EXERCISE GOAL: In the records below, repeat exactly the lines between the line holding "Maguire holding the Carabao Cup. (Image" and the line holding "Red Glittery Nails with Snowflake Art", inclusive, and drop the pictures.

MATERIAL PROVIDED:
+++++

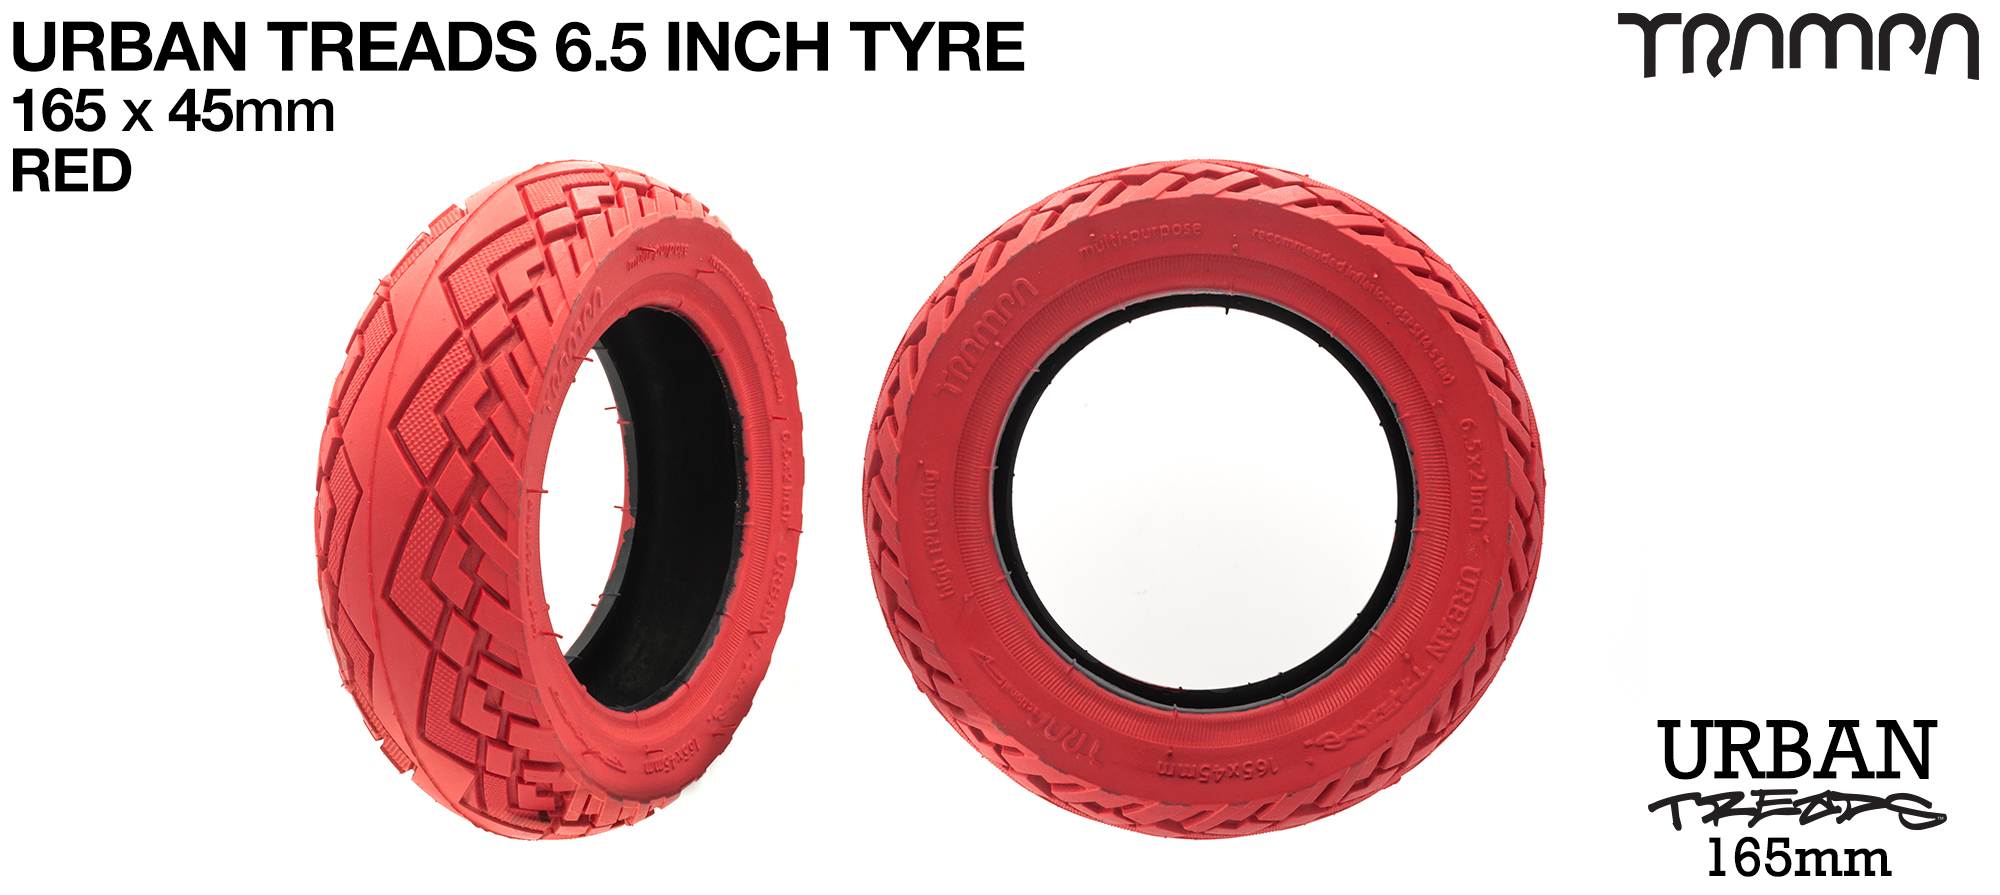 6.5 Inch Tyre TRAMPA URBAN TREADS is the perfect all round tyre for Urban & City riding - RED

+++++

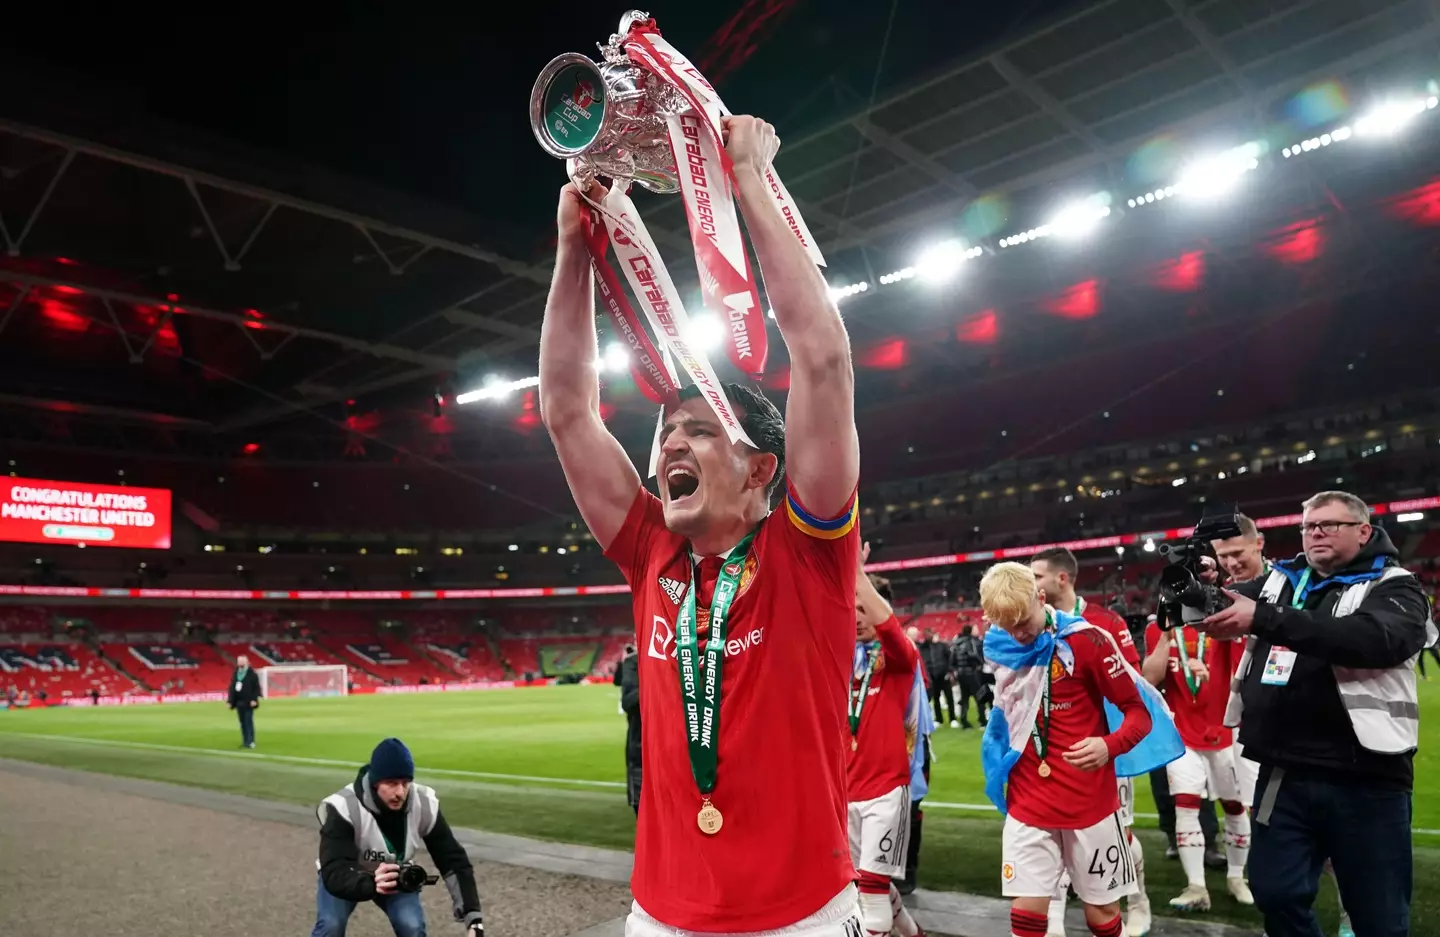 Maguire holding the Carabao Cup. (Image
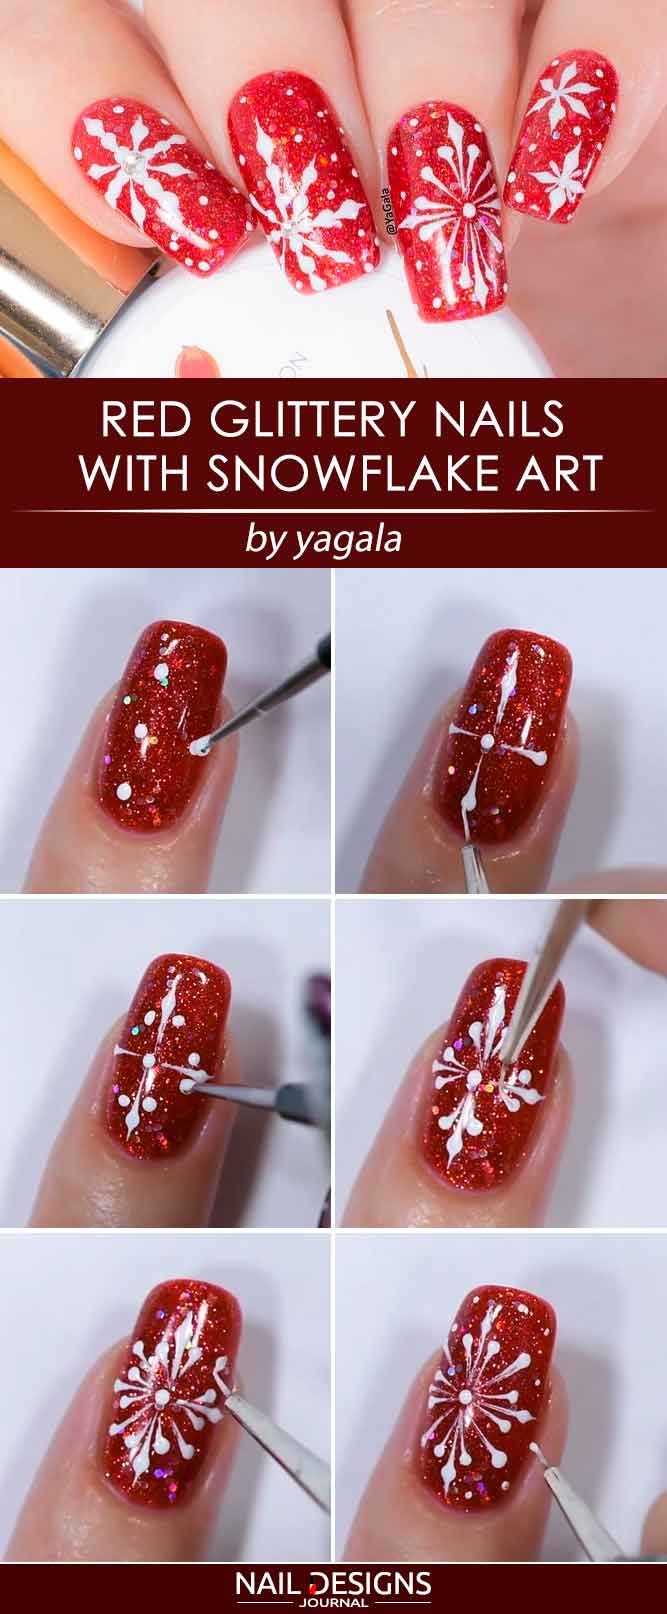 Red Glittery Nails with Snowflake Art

+++++

EXPECTED ANSWER:
 Maguire holding the Carabao Cup. (Image
 Red Glittery Nails with Snowflake Art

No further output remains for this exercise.